Her eyes shone soft and dewy in the upturned face. Her lips were raised invitingly. It was not in mortal man to refuse them, however stern rectitude under the circumstances might dictate such a course. This one did not refuse them.

“Good-bye, my darling!” she breathed into his ear, in a voice so barely audible as to be almost inarticulate. And as he left her and went out to find his horse and see about saddling up, it was with a vague misgiving that the loose coil, to which he had made allusion in his own mind, had, within the last few moments, very perceptibly tightened.

We made use just above of the expression “under the circumstances.” The “circumstances” were, that by that time this cautious, and cynical and experienced man of the world was deeply, devotedly, and entirely in love with Aletta De la Rey.

Chapter Fourteen.

Jelf – Civil Commissioner

Nicholas Andrew Jelf was Civil Commissioner and Resident Magistrate for the town and division of Schalkburg.
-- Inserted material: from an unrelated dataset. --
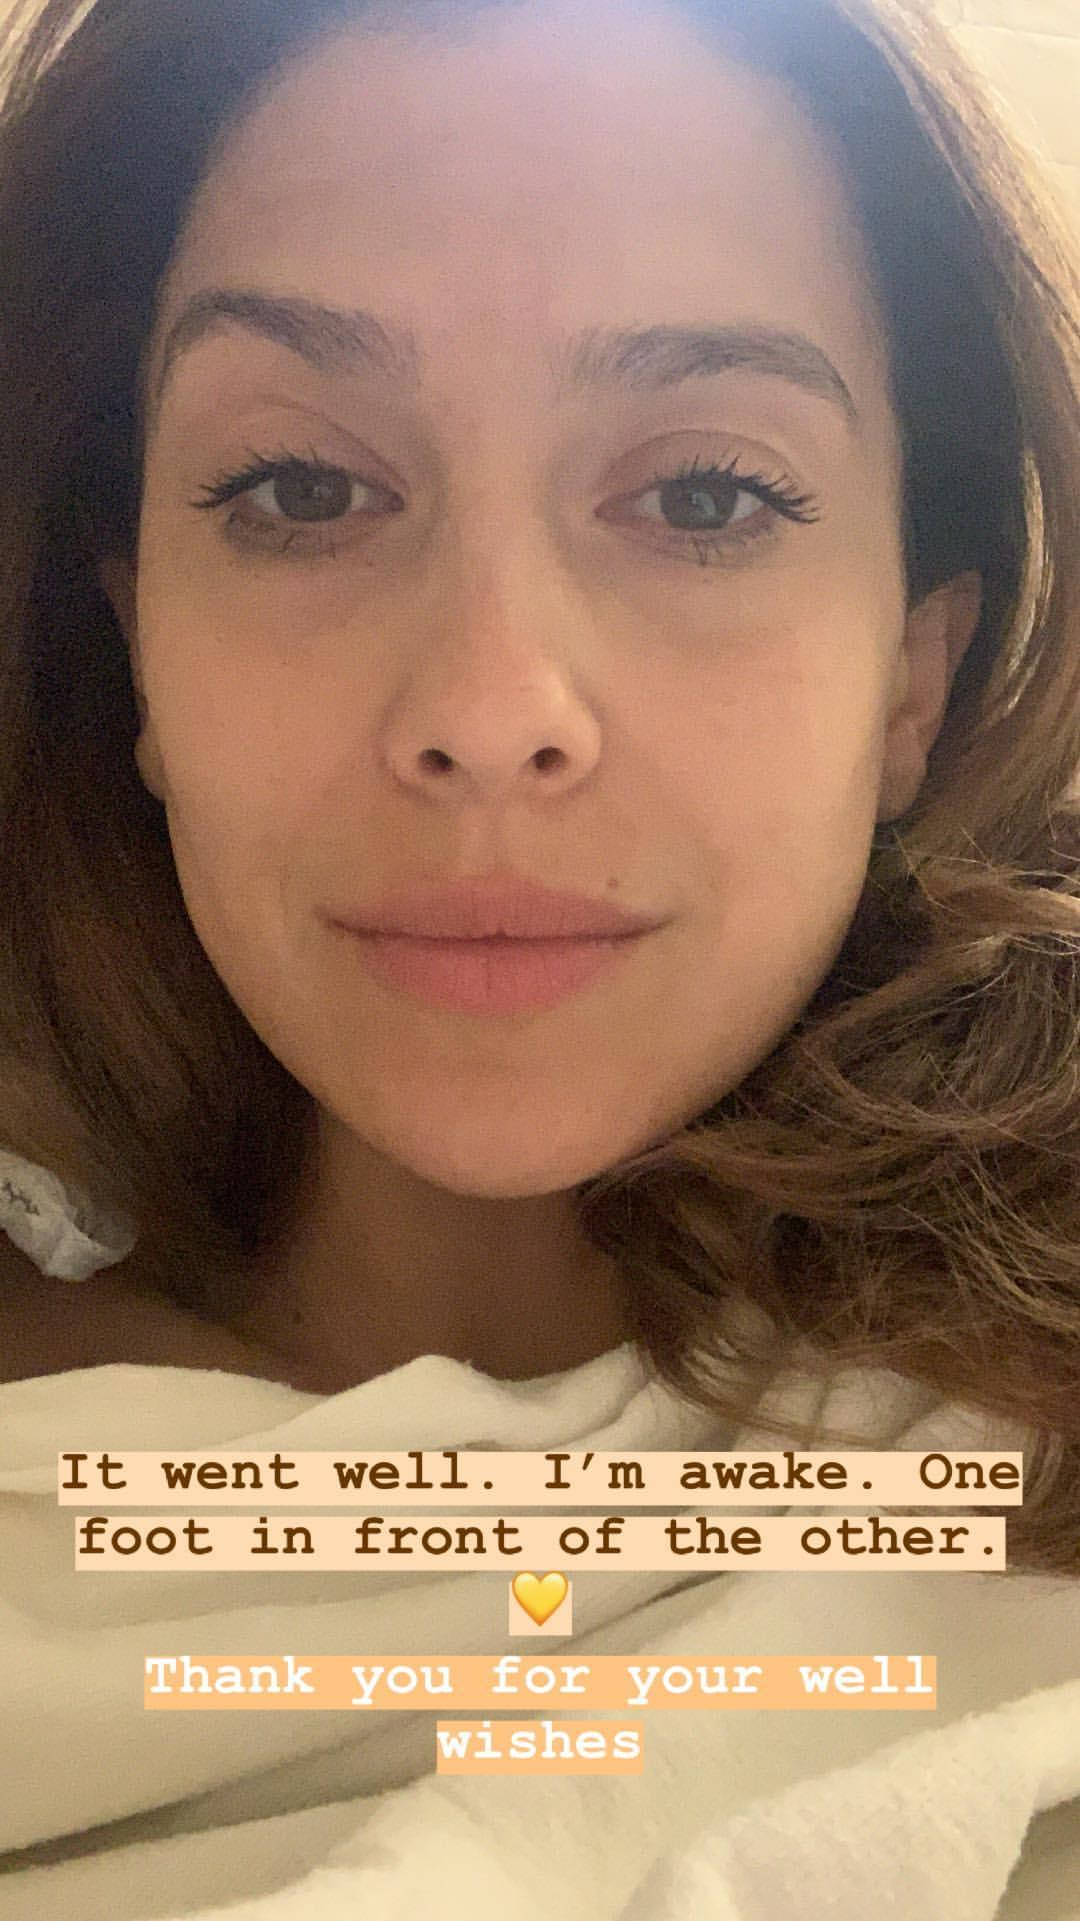 Nach der Ausschabung meldet sich Hilaria Baldwin auf Instagram.
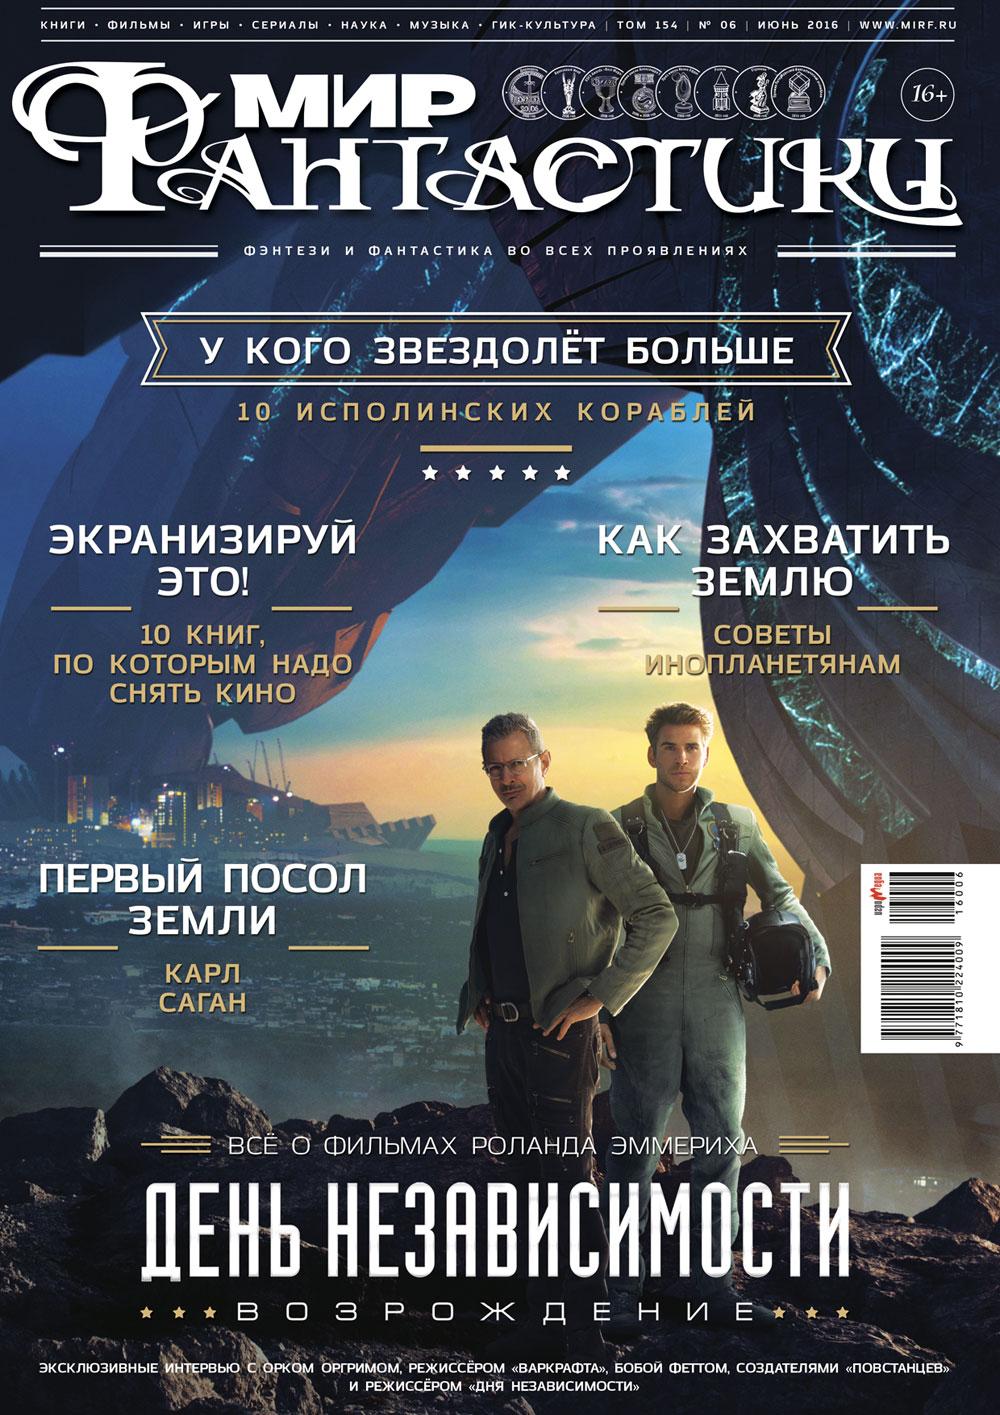 Мир фантастики №154 (Июнь 2016)

In person he was a tall, middle-aged, rather good-looking man, with dark hair, and a grizzled, well-trimmed moustache, and whose general appearance fostered an idea which constituted one of his favourite weaknesses – that he resembled a retired military man. When mistaken for such openly, he positively beamed; and more than one shrewd rogue got the benefit of the doubt, or obtained material mitigation of the penalty due to his misdeeds, by appealing, with well-feigned ignorance, to the occupant of the Bench as “Colonel.” By disposition he was easy-going and good-natured enough, and bore the reputation among his brother Civil servants of being something of a duffer.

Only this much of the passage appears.